I have reasoned so far:
- We know (using basic result from infinite products) that we can find $g(z)$ that is has zeros of prescribed orders at exactly $\frac{1}{n}$ and thus we can multiply $h(z) = f(z)g(z)$ and reason that it has an isolated singularity at zero.
- This isolated singularity has to be essential: if it is removable or a pole, by considering $1/h(z)$ we get contradictions.
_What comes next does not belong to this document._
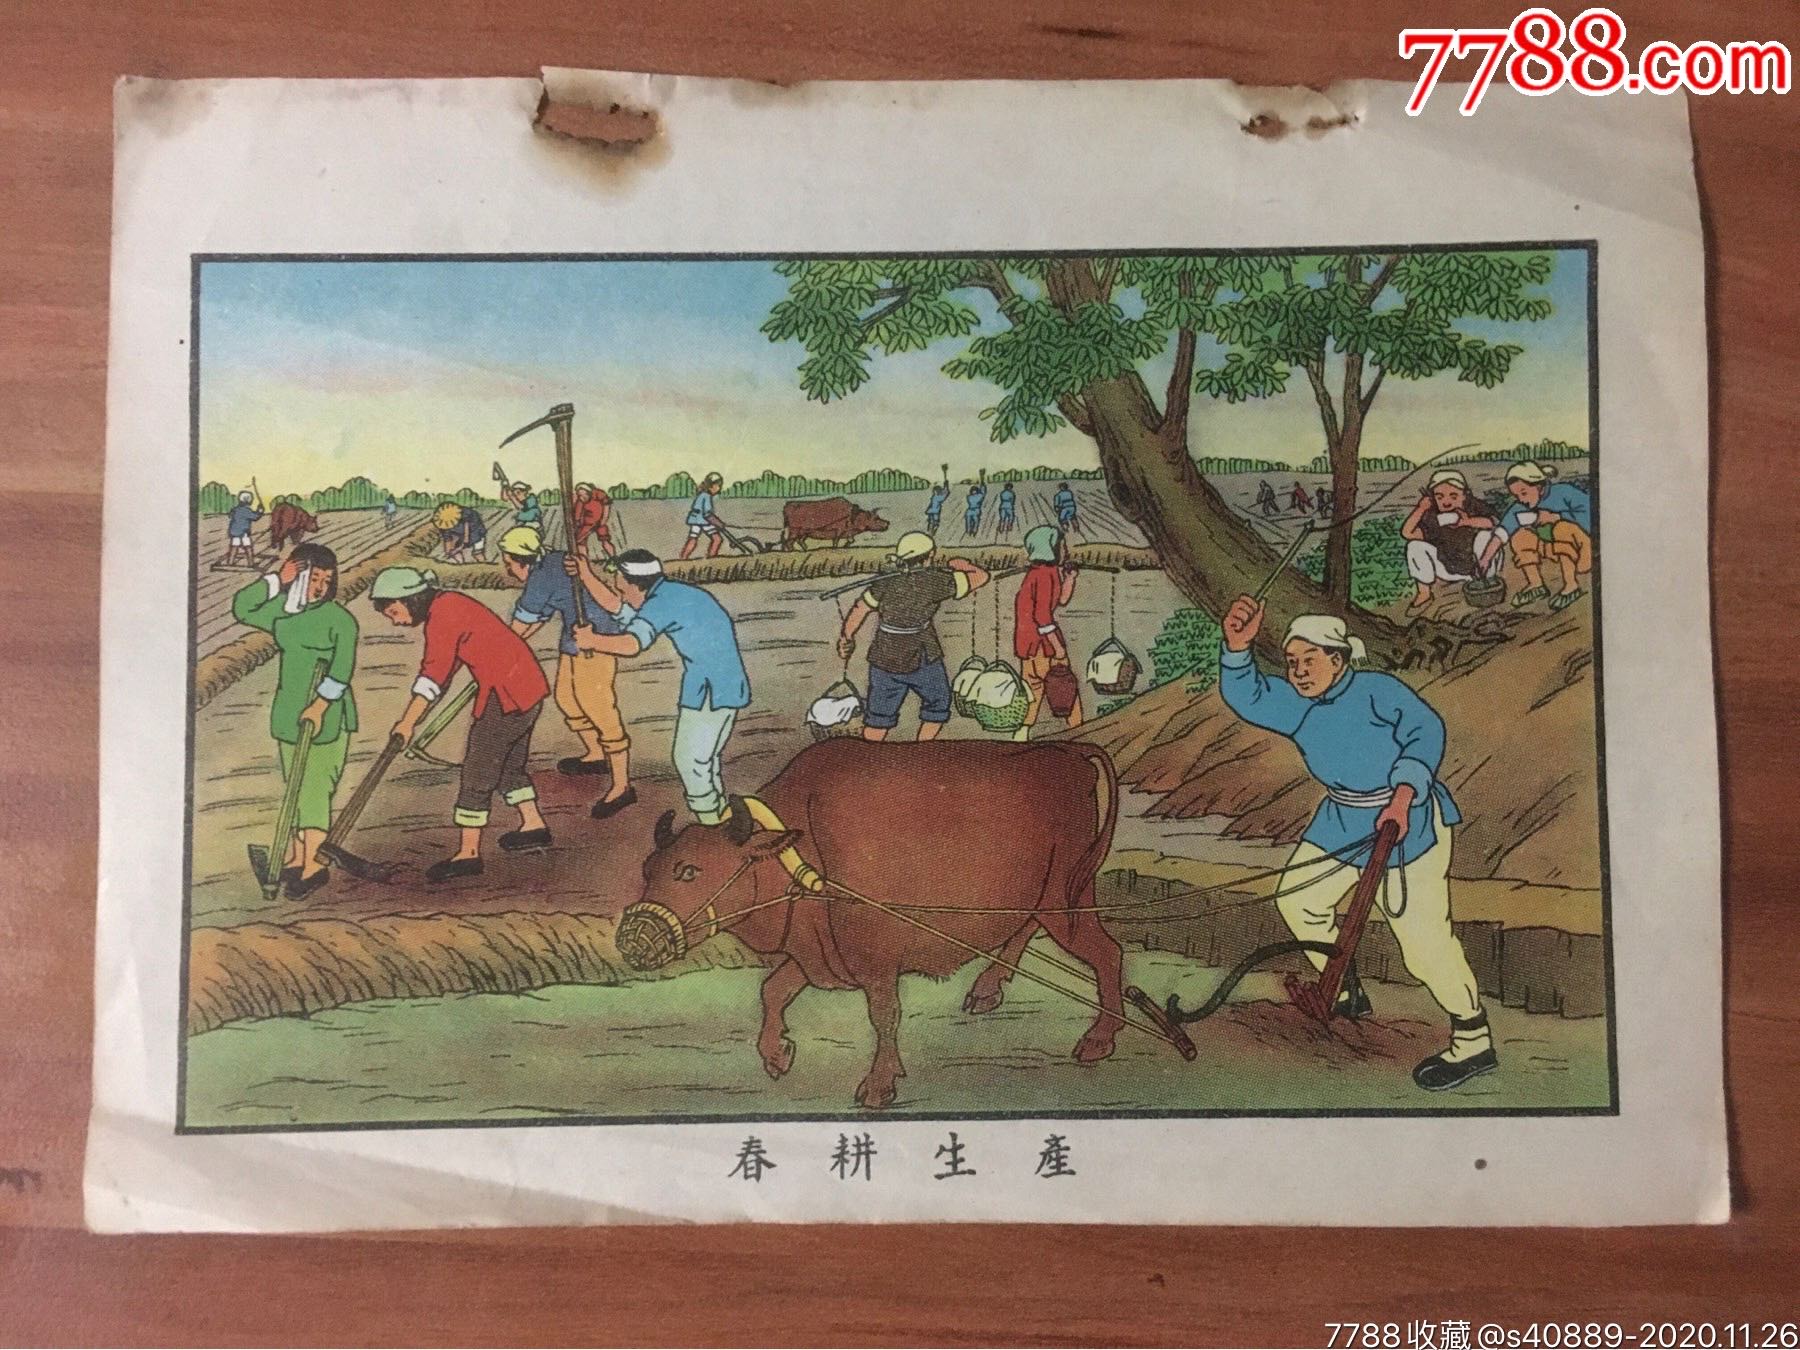 春耕生产(建国初土改完成题材,上海1950)

Specifically, we know that if the singularity gives an expression for $h(z)$ of the form $H(z)/z^m$ s.t. $H(0) \not = 0$. $H(z)$ can only have finitely many zero in any small open disk around $0$. Therefore, considering $1/h(z)$, we get either a sequence of zeros that converges to a pole, a nonzero value or a zero. First two give contradictions by continuity and the last gives a contradiction since it follows that $1/h(z) \equiv 0$.
Now, I am stuck – I don't see how knowing $h(z)$ has an essential singularity at zero allows to conclude $h(z)/g(z)$ has a dense image in $\mathbb C$ near $0$. Any ideas?
I tagged Riemannian geometry but this should be doable using basic complex analysis results.
EDIT: Alternative approach, if $w$ is a value in a neighborhood of which $f(z)$ attains no value, then $1/(f(z)-w)$ has zeros that converge to zero and is bounded near zero, so it must be constant. Does this make sense?
Best Answer
Your second approach works. One can start similarly as in the proof of the Casorati-Weierstrass theorem (which can not be applied directly because $z=0$ is not an isolated singularity of $f$).
Let us denote $$ D_r = \{ z \in \Bbb C \mid 0 < |z| < r \} $$ and $$ G = \{ 1/n \mid n = 1, 2, 3, \ldots \} \, . $$ If the desired conclusion is not true then there are $w \in \Bbb C$, $\epsilon > 0$, $r > 0$ such that $$ |f(z) - w| > \epsilon \text{ for } z \in D_r \setminus G \, . $$ Now define the function $g: D_r \to \Bbb C$ as $$ g(z) = \begin{cases} 1/(f(z) -w) & \text{ if } z \in D_r \setminus G \, ,\\ 0 & \text{ if } z \in D_r \cap G \, . \end{cases} $$ $g$ is holomorphic and bounded in $D_r$, and therefore can be extended to a holomorphic function $\tilde g$ on $B_r(0)$. The identity theorem then shows that $\tilde g$ is identically zero. That is a contradiction because $g(z) \ne 0$ for all $z \in D_r \setminus G$.